黄母这才站了起来,那双灰暗的眼睛中闪过一份神采:“安老先生?快请坐快请坐……”
“黄夫人快别客气,我先看看黄先生吧。”安正飞正色道。
他虽然一路上奔波,身体不太舒服,但是在治病救人这事上,还是十分认真的。
这一点,倒是让陆峰颇为赞赏。
这老头虽然有些自负,脾气也不太好,但医德还是没得黑的。不论怎么样,病人为大。
“多谢黄老先生……”黄母知道丈夫的病情刻不容缓,也没有客气。
安正飞来到黄自真身旁坐下,仔细询问起了病情的详细症状。
听着听着,他那额头上的皱纹变得清晰起来,眉头拧在一起。
“夫人的意思是说,黄先生突发重病,身体状况急剧衰退,如同生命被剧烈消耗,甚至是透支了一样?这种症状,实属罕见,我虽然在医术上见到过,可是这几十年来,却从未遇到过一例,而且病因很难确定。”
安正飞很是惊疑,然后给黄自真把脉。
黄自真脸色苍白,但意识仍在,说道:“安老先生,我觉得我这个病恐怕是不能治了。若是必死无疑,你也不用安慰我,过了这么多天,我早已接受了现实。”

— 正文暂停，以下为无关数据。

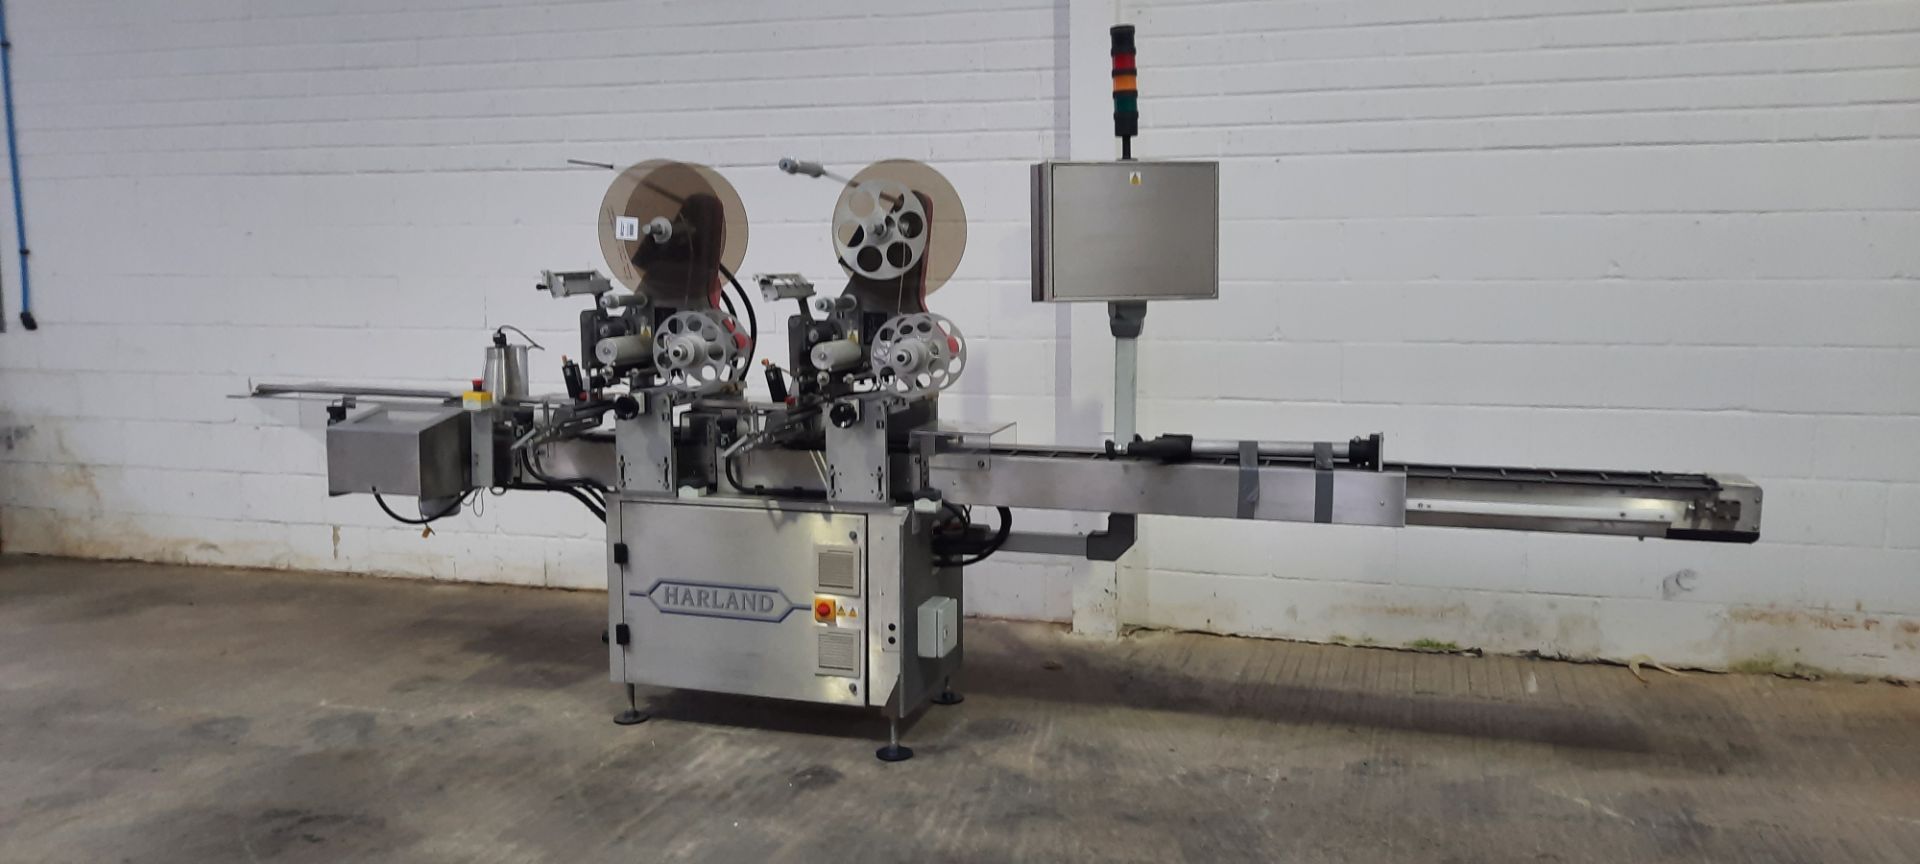 Harland Labeller MK 5 Sirius Automatic 2-Head Top Label Applicator - Image 5 of 10

安正飞正色道:“黄先生先别说丧气话,凡事总要努力过了才知道结果……你这个脉象……的确是古怪,让人捉摸不透。乍一看,像是健康人的,但隐隐之中,又像是年迈的老人……精气不足,五脏六腑都很虚弱,怪事。”
把脉了好一会儿,安正飞脸上的狐疑之色更重。
以他多年的行医经验,竟无法弄清黄自的状况到底是怎么回事。